Hacking Skill assessment

Subject’s work products were assessed on:

Number of working harnesses
Number of bugs found
Number of bugs reproduced

A working harness was defined as: any harness that found new paths shortly after starting. A bug was defined as: any termination by a signal that may result in a core dump. All measurements were then combined into a single score with each category was given equal weight. A Friedman signed-rank test was used with an acceptance criteria of 0.02. The results were found to not be significant.

Group	p-value
All twelve participants	0.02024
Group one	0.10782
Group two	0.12802

Ancillary data

Team member work activities were categorized and binned into hour-long blocks based upon time spent with X11 focus on Firefox for each strategy. No significant difference in work activities were found between depth-first search and breadth-first search based on a Wilcoxon signed-rank test. The Firefox browsing history also did not significantly relate to the strategy the team utilized.

Materials Produced

Both teams produced more materials using breadth-first search over depth-first search.

Team	Method	Materials
A	S_d	151
A	S_b	588
B	S_d	177
B	S_b	387

Discussion

Our discussion on this paper went down many paths during the course of meeting. This summarizes the main points that we talked about.

Criticism

The first thing we talked about was that this paper’s evaluation may not represent the real world of vulnerability hunters. In the real world, you don’t search for bugs for only 10 days, and you most certainly don’t DFS for only 5 days. When comparing DFS and BFS in such a short period, of course BFS will win in finding more bugs, but these bugs are often less impactful. The paper does not address this issue in it’s evaluation. Often in the real world you DFS for months on a single target. In some way we felt a comparison of bugs may have been warranted to distinguish the impact of the bugs. This can be seen in the graph above in Materials Produced section.

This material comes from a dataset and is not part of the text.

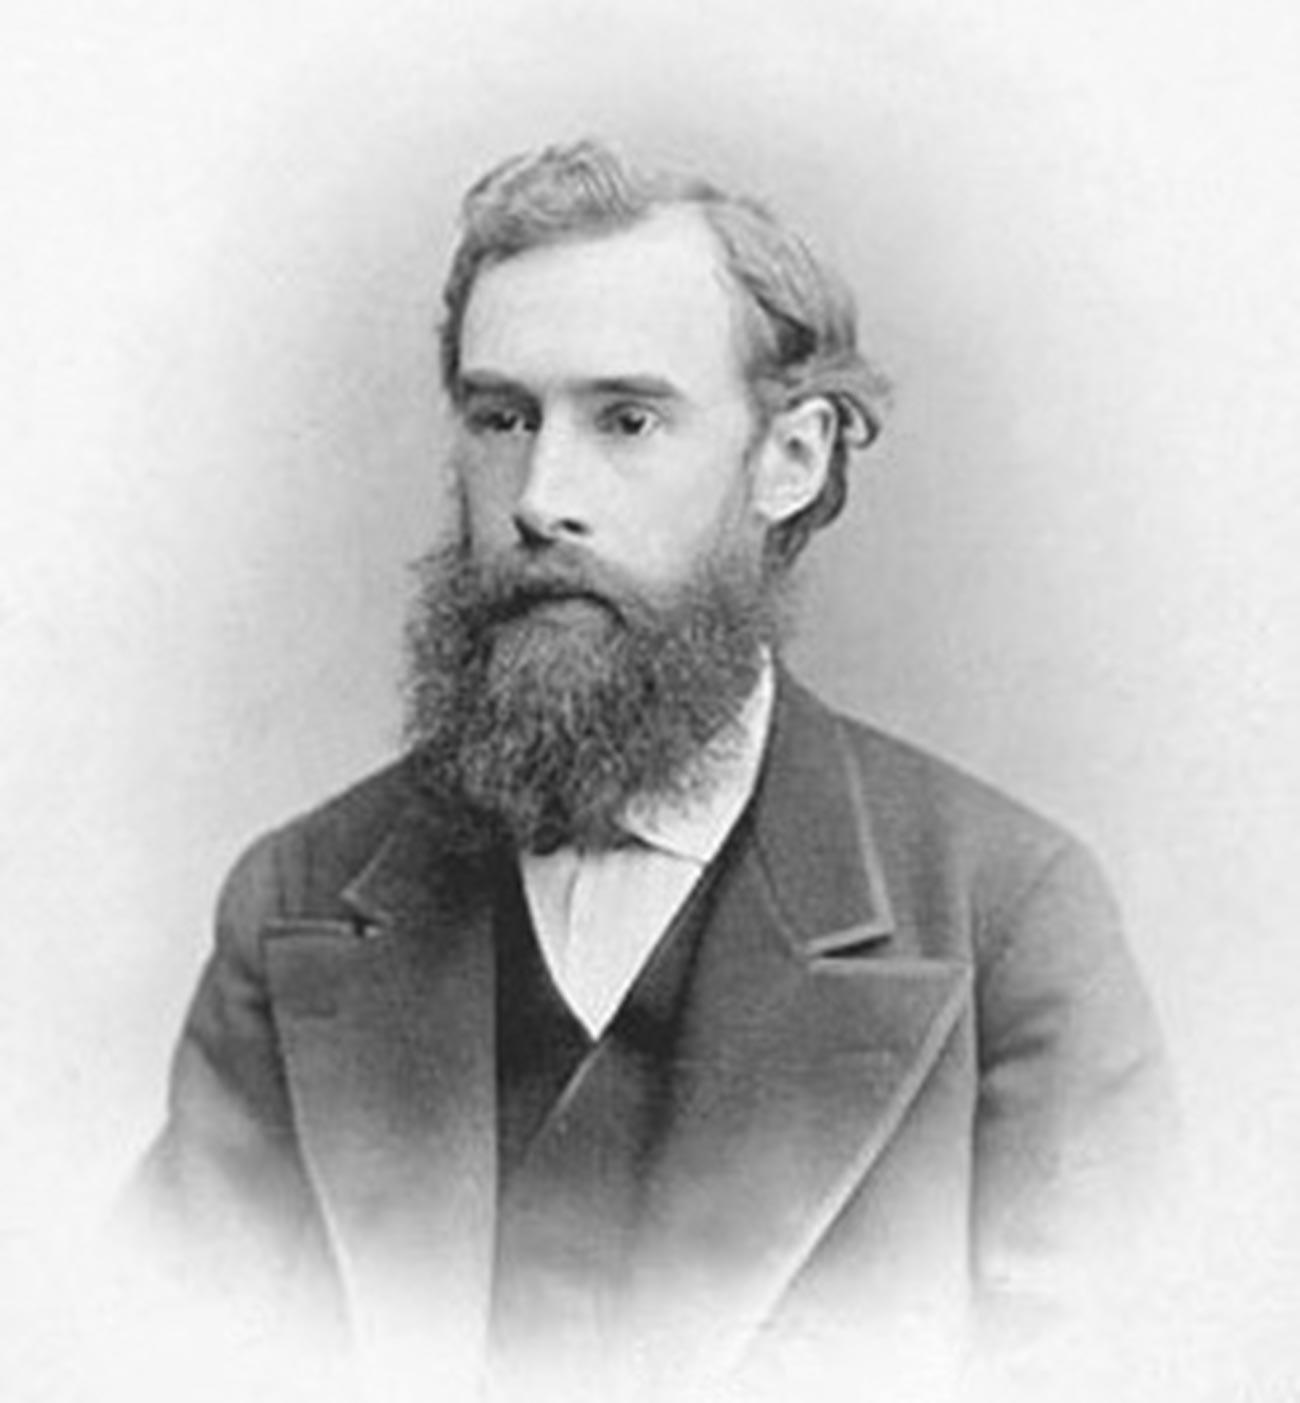 Pavel Tretiakov en 1892

Continuing on this idea, the authors measure success from teams in terms of bug creates and materials created from these two methods. We feel it was important again to mention that simply because another group created more materials, does not mean the materials were useful. A better method for measure material output would be measure the amount of materials generated that were used by expert level hackers to find bugs. Simply comparing general materials is not a good way of showing if any of the material was useful for research towards discovering a bug.

On a realted matter, we felt that this paper now makes it harder for other papers in the field to discuss results pertaining to hacking in the DFS method. This happens because this paper shows/claims that the BFS methods is a better method for hacking efficiently in a group of hackers, and thus every paper after this will need to address how they beat this paper. If the evaluation in this paper truly was flawed, then papers in the future will find it increasingly difficult to outperform this paper.

Showing that BFS is always better than DFS, with possibly flawed evidence, makes it hard for future papers to go forward.

Measuring Human Utility

One discussion that ensued during the earlier criticism section was the way this paper could have measured success. This paper mostly focuses on bugs and material collection and tries to relate that to finding more vulnerabilities, but we thought that might not be the only thing that is valuable. Human utility could be highly relevant to this paper. In this paper, the periodic surveys shows that participants feel happier and more confident when they work in the BFS methods, and consequentially have more utility due to being happy and less frustrated. This paper could have addressed how working in the BFS method is a powerful way to maximize human utility (or the amount of work each person can output), which may not be directly correlated to the amount of bugs produced. This would hold a gripping argument that when working with many people, DFS decreases the amount of human utility.

Contribution to the Community

Overall, we felt this paper ushered in a novel idea about measuring the productiveness of bug hunting and how different methods may relate to the new methods of looking for bugs. This was indeed a paper that may have opened a door to an entirely new area of research in computer security.